- Founded: October 14, 1847; 178 years ago Olivet College
- Type: Social
- Affiliation: Independent
- Status: Active
- Scope: Local
- Motto: "Strong in Love, Firm in Right"
- Colors: Red and White
- Flower: Red Rose
- Chapters: 1
- Headquarters: 123 W. Cottage Street Olivet, Michigan 49076 United States
- Website: soroniansociety.wixsite.com

= Soronian Society =

Sorority at Olivet College in Michigan, US

The Soronian Society, also known as Iota Kappa Omicron (ΙΚΟ), is a local sorority at the University of Olivet in Olivet, Michigan. It began as the first women's literary society in the United States in 1847.

== History ==
The Young Ladies' Literary Society was started by seven Olivet College students on October 14, 1847, as a literary society. It was organized by Mrs. Oramel Hosford (who was the wife of Olivet professor Oramel Hosford). The society held monthly meetings that were open to the public and featured music and the reading of papers written by its members. It was the first women's literary society in the United States.

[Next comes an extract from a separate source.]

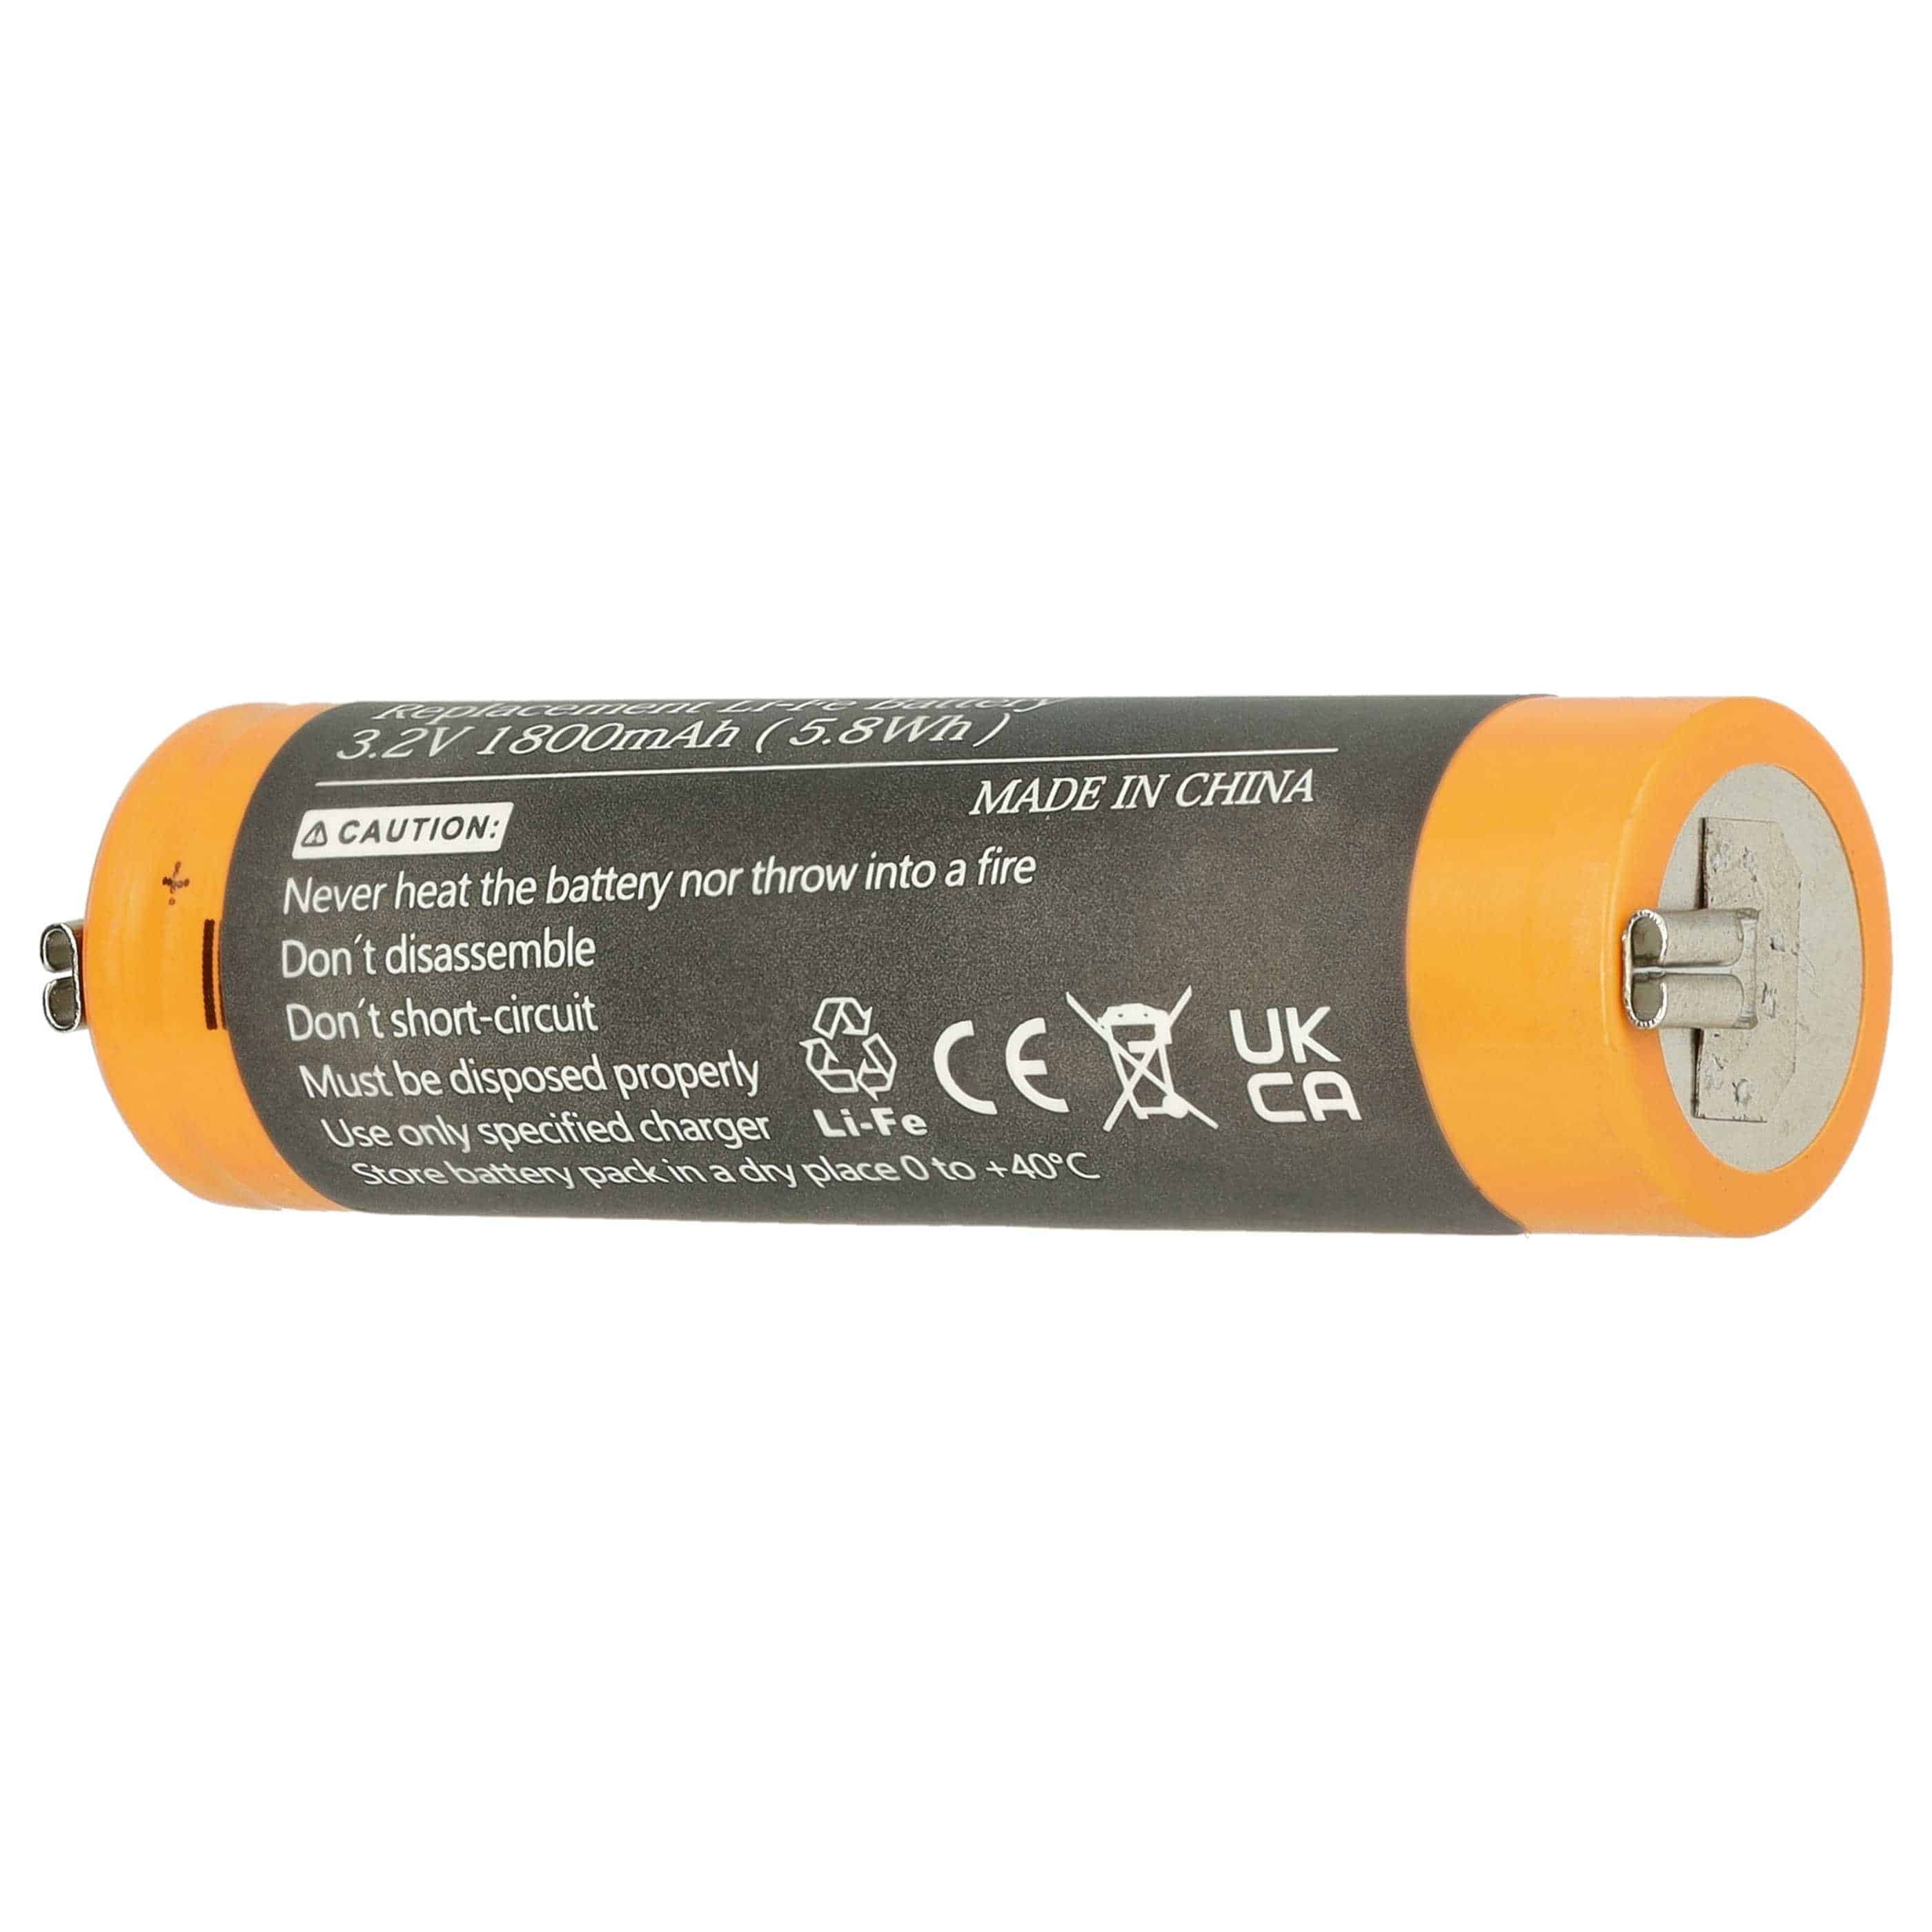 Batterie remplace Moser 1884-7102 pour tondeuse à cheveux - 1800mAh 3,2V Li-ion

In its second year, both male and female students participated in the society but it soon separated into two groups. The Young Ladies' Literary Society declined and was reorganized as the Erodelphian Society in 1856. After a few years, the society became domant.

It was revived on January 26, 1868, under the suggestion of student Henrietta P. Dennis. A committee was established to draft a constitution for the new literary society; the constitution was adopted on May 6, 1865. Dennis served as the society's first president. The organization was renamed the Soronian Society with the Greek letters of Iota Kappa Omicron.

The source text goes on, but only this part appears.